Output order may vary slightly due to scheduling.

30.12.5 Key Observations

  • Calling interrupt() does not stop the thread directly.
  • The interruption is detected because sleep() throws InterruptedException.
  • The worker thread terminates itself in a controlled manner.
  • Proper interruption handling allows threads to release resources and maintain program correctness.

Note

Swallowing InterruptedException without terminating or restoring the interruption status is considered bad practice and may lead to unresponsive threads.


30.13 Threads and the Main Thread

Every Java application starts with a main thread. This thread executes the main(String[]) method.

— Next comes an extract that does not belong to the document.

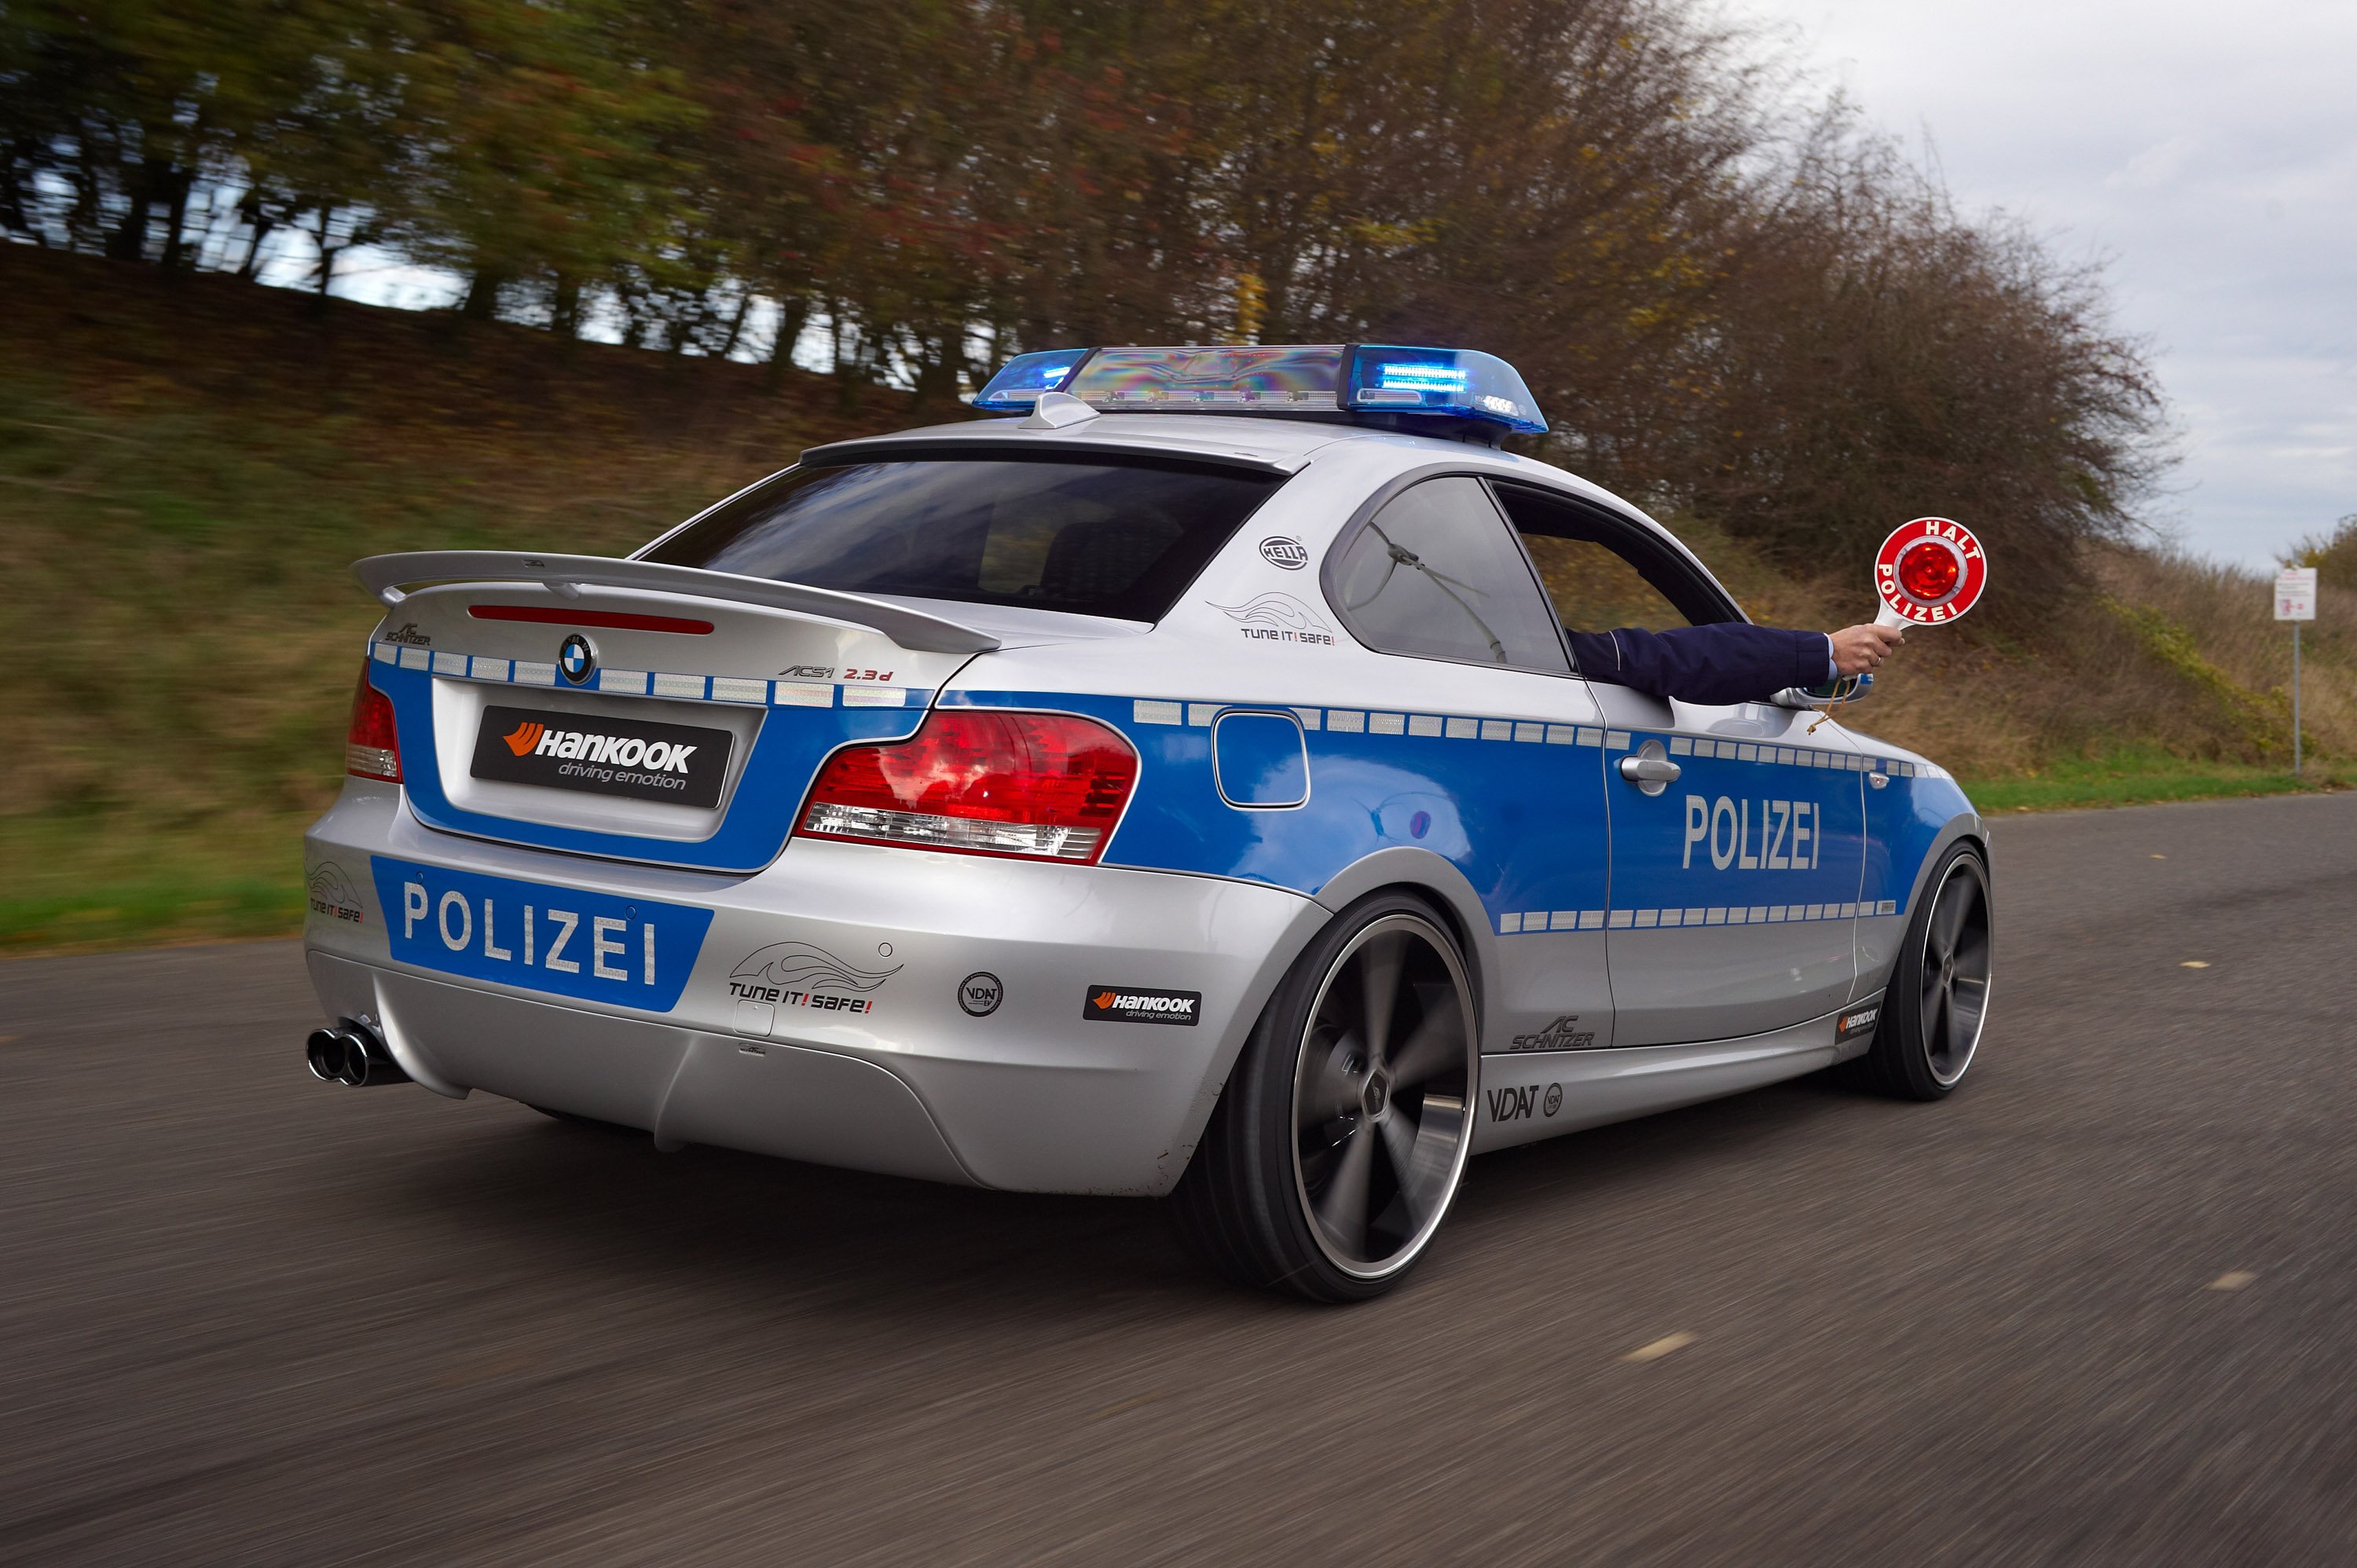 Зеленая полицейская машина. E60 BMW Полицейская. БМВ е60 ДПС. BMW е60 Police Germany Toy. Полицейская машина.

  • The main thread is a user thread.
  • The JVM remains alive as long as at least one user thread is running.
  • If the main thread terminates but other user threads exist, the JVM continues execution waiting for the user threads to be done.
  • Daemon threads do not keep JVM alive.

Understanding the role of the main thread is essential for reasoning about program termination and background processing.


30.14 Thread Concurrency and Shared State

Concurrency arises when multiple threads access shared mutable state.

  • Shared State: Any heap-based data accessible by more than one thread.
  • Race Condition: A correctness error caused by unsynchronized access to shared state.
  • Visibility Problem: A thread observes stale data due to lack of proper memory synchronization.

Java solves these with synchronization, volatile, locks, atomics, and high-level frameworks (Executors, futures).

Synchronization, volatile variables, and higher-level concurrency utilities will be studied in subsequent sections.


30.15 Summary

  • Threads are the fundamental building block of concurrent execution in Java.
  • They exist within processes, share memory, and are scheduled by the JVM in cooperation with the operating system.
  • Correct thread management avoids leaks, deadlocks, and wasted CPU.